Good report by Bobbie Johnson of Vint Cerf’s Alternative McTaggart Lecture at Edinburgh.

The 64-year-old, who is now a vice-president of the web giant Google and chairman of the organisation that administrates the internet, told an audience of media moguls that TV was rapidly approaching the same kind of crunch moment that the music industry faced with the arrival of the MP3 player.

“85% of all video we watch is pre-recorded, so you can set your system to download it all the time,” he said. “You’re still going to need live television for certain things – like news, sporting events and emergencies – but increasingly it is going to be almost like the iPod, where you download content to look at later.”

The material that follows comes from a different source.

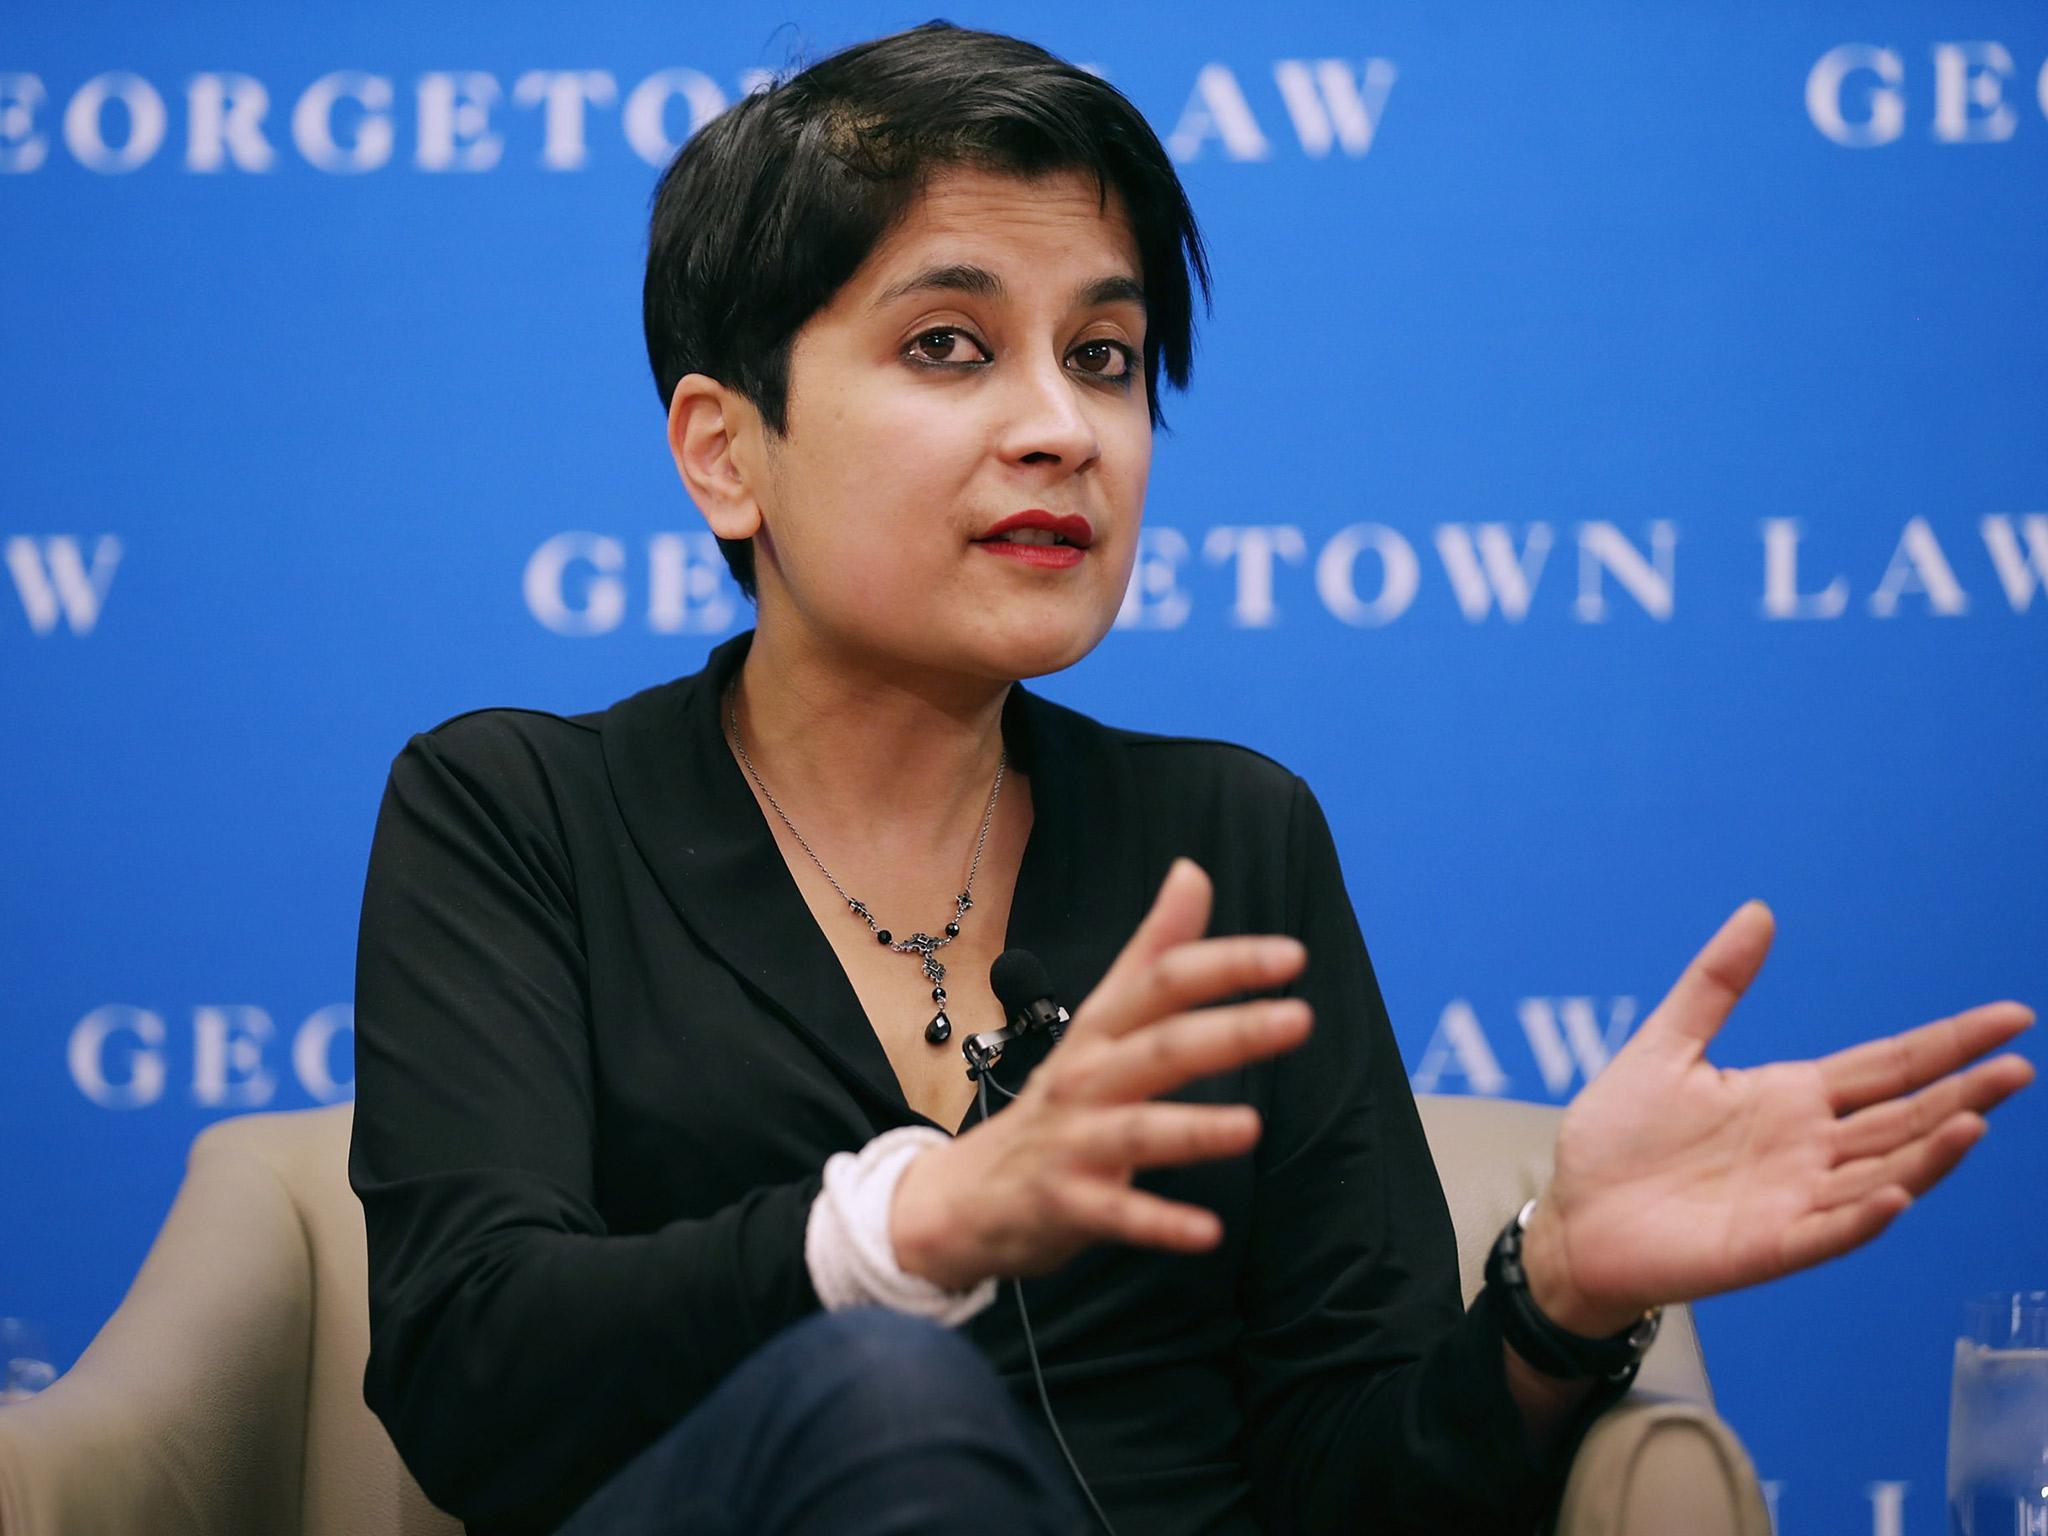 Shami Chakrabarti also claimed it was time to evaluate the role of privately run prisons in Britain

Dr Cerf, who helped build the internet while working as a researcher at Stanford University in California, used the festival’s Alternative McTaggart Lecture to explain to television executives how the internet’s influence was radically altering their businesses and how it was imperative for them to view this as a golden opportunity to be exploited instead of a threat to their survival. The arrival of internet television has long been predicted, although it has succeeded in limited ways so far. But the popularity of websites such as YouTube – the video sharing service bought by Google in 2005 for $1.65bn (£800m) – has encouraged many in the TV industry to try and use the internet more profitably. Last month the BBC launched its free iPlayer download service, and digital video recorders such as Sky Plus and Freeview Playback allow viewers to instantly pause and record live television.

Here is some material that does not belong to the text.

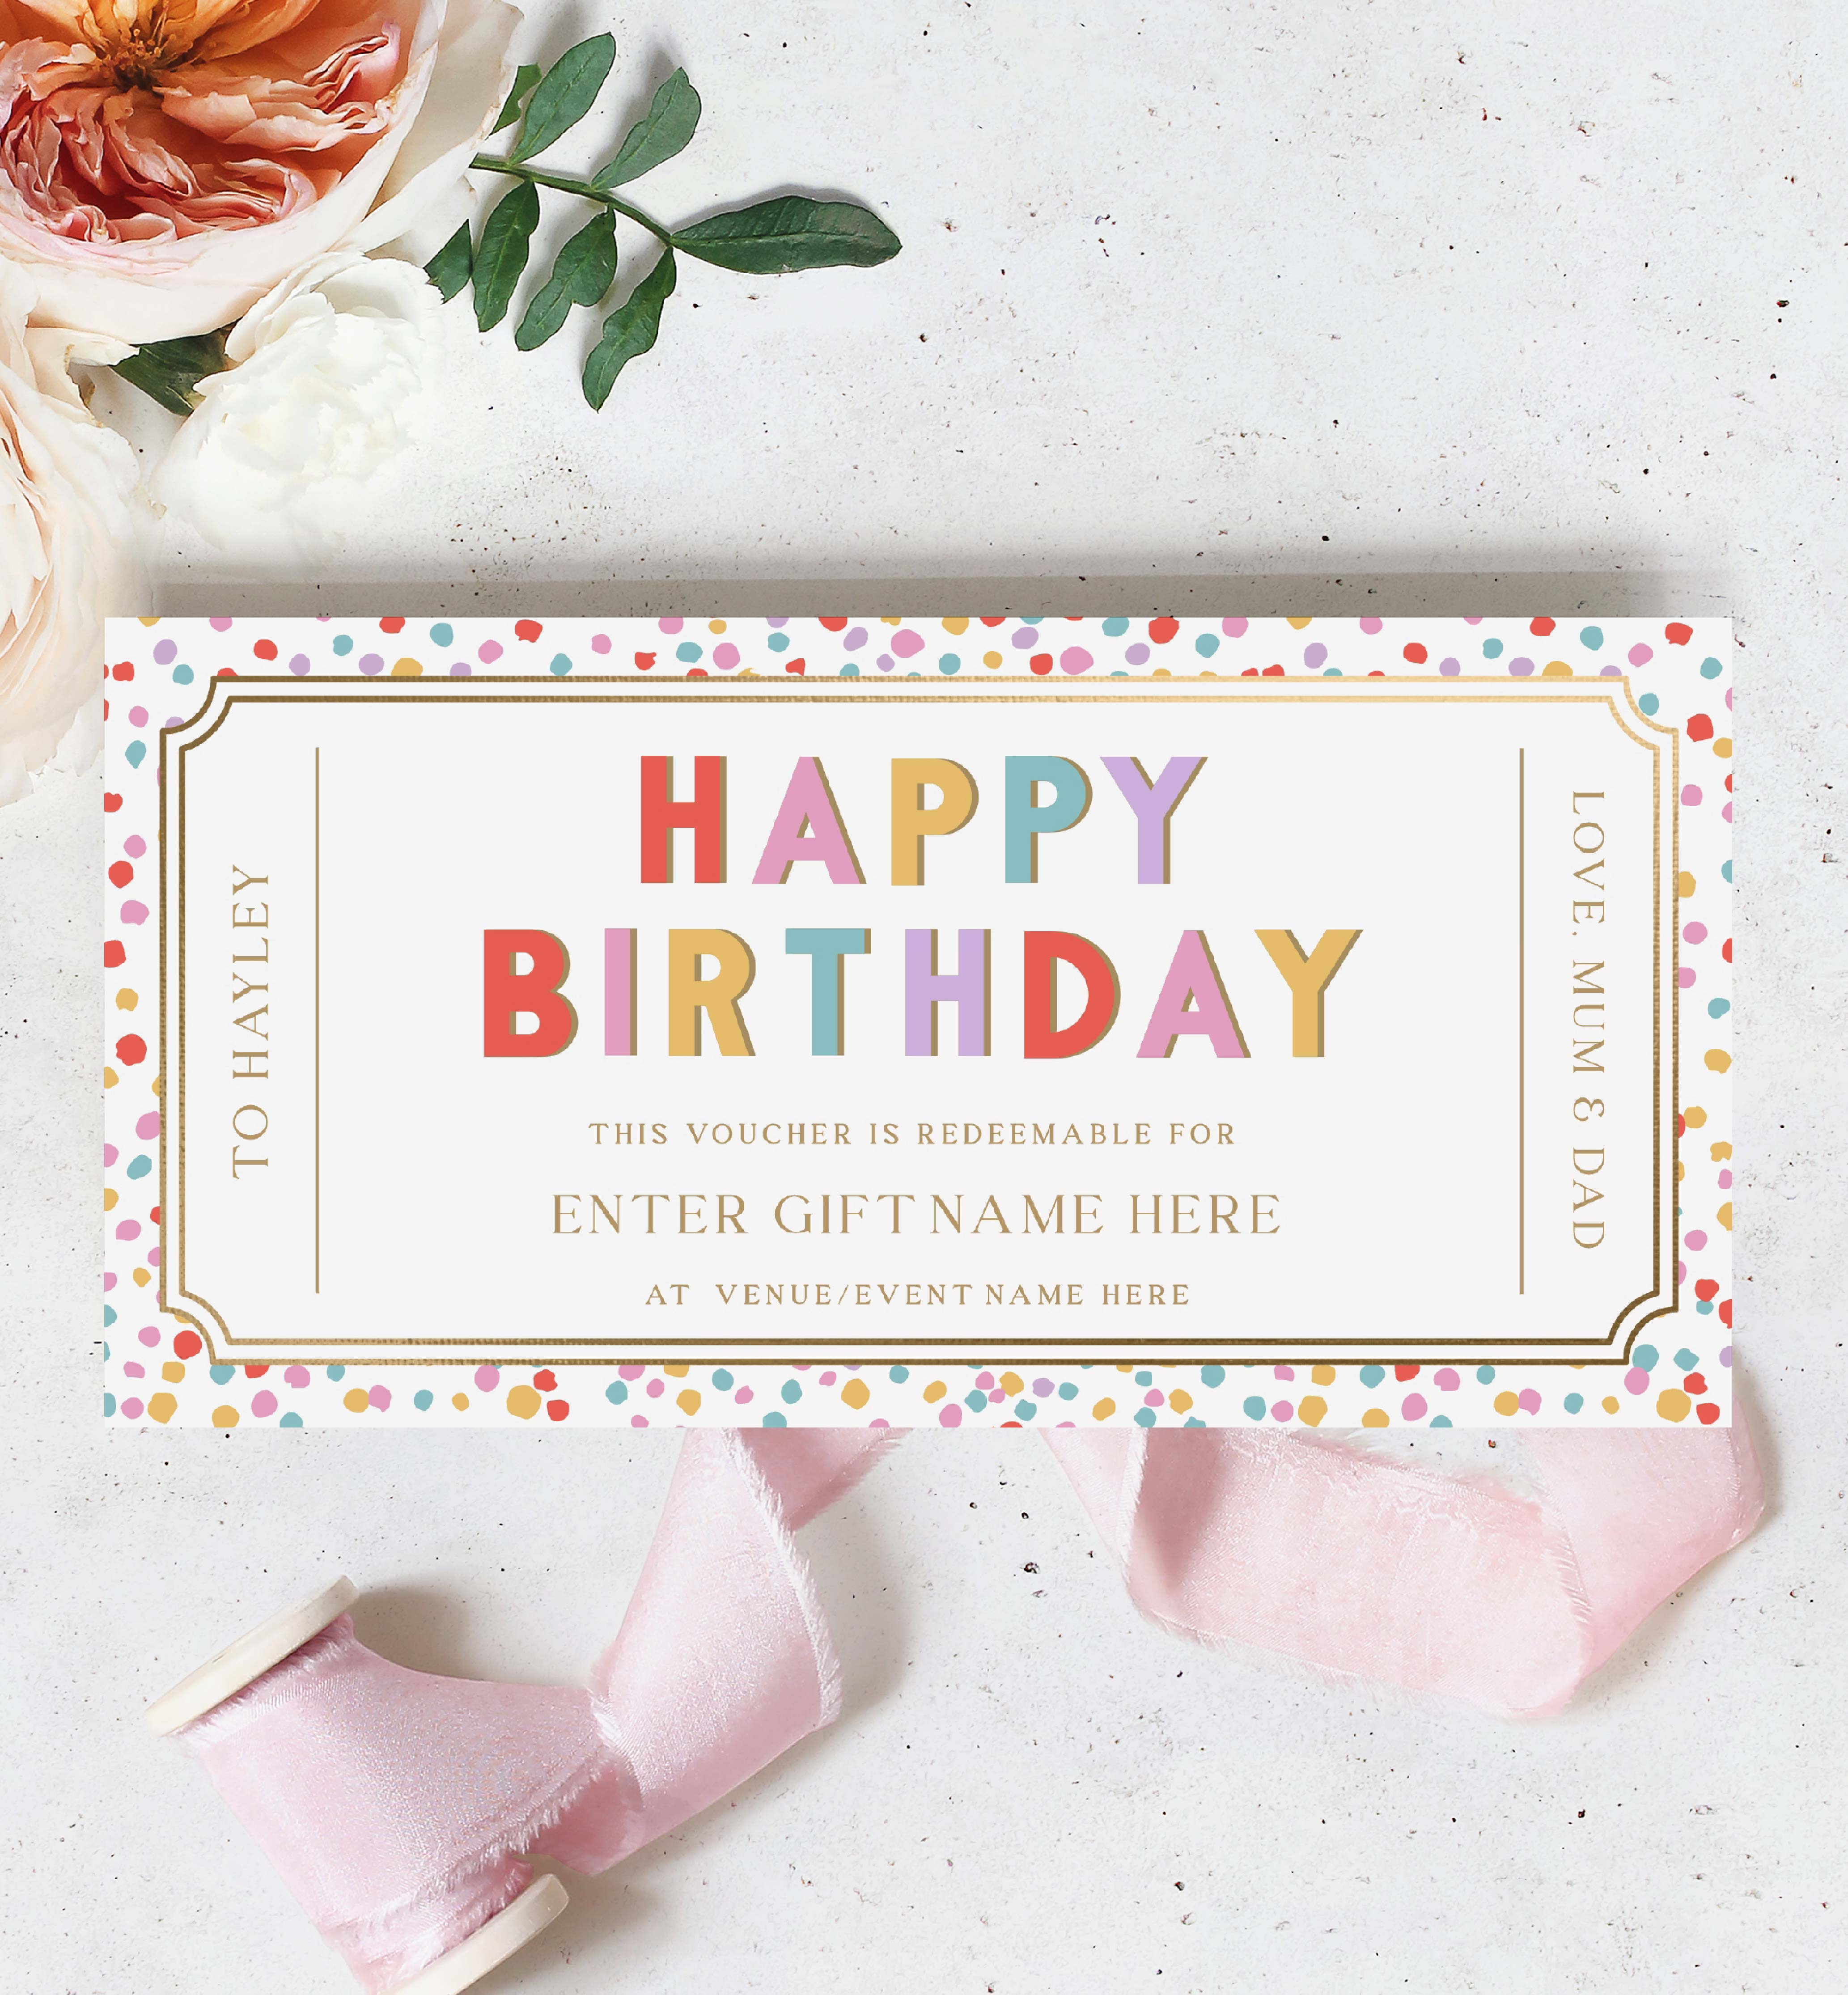 Free Birthday Offers From Restaurants & Retail Stores | Coupons 4 Utah

Dr Cerf predicted that these developments would continue, and that we would soon be watching the majority of our television through the internet – a revolution that could herald the death of the traditional broadcast TV channel in favour of new interactive services.

“In Japan you can already download an hour’s worth of video in 16 seconds,” he said. “And we’re starting to see ways of mixing information together … imagine if you could pause a TV programme and use your mouse to click on different items on the screen and find out more about them.”

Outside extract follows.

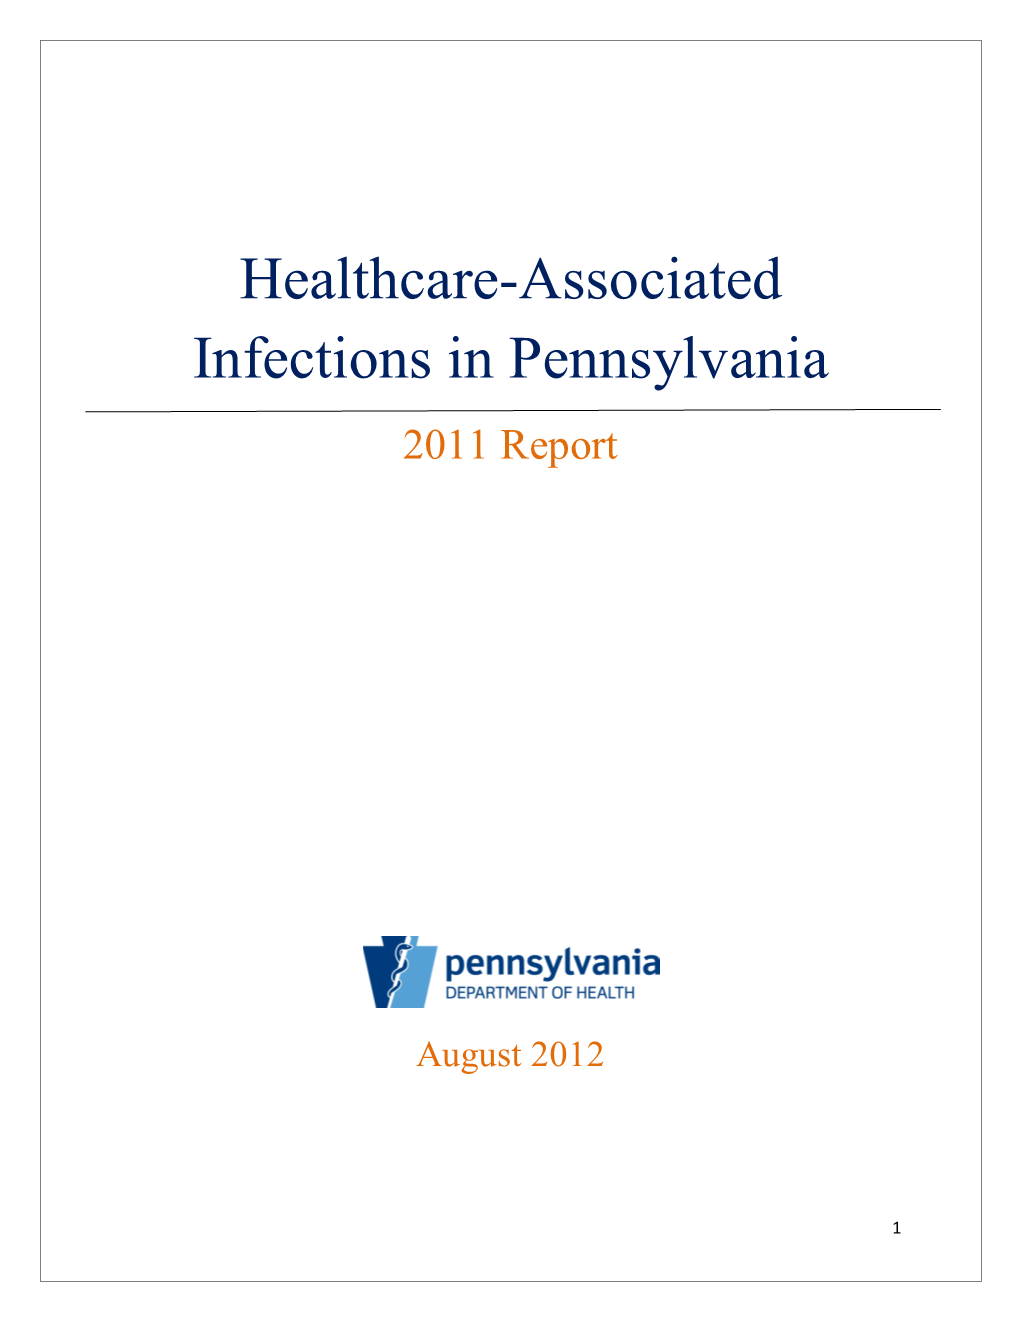 Healthcare-Associated Infections in Pennsylvania 2011 Report

Some critics, including a number of leading internet service providers, have warned that the increase in video on the web could eventually bring down the internet. They are concerned that millions of people downloading at the same time using services such as iPlayer could overwhelm the network.

Dr Cerf rejected these claims as “scare tactics”. “It’s an understandable worry when they see huge amounts of information being moved around online,” he said. But some pundits had predicted 20 years ago that the net would collapse when people started using it en masse, he added. “In the intervening 30 years it’s increased a million times over … We’re far from exhausting the capacity.”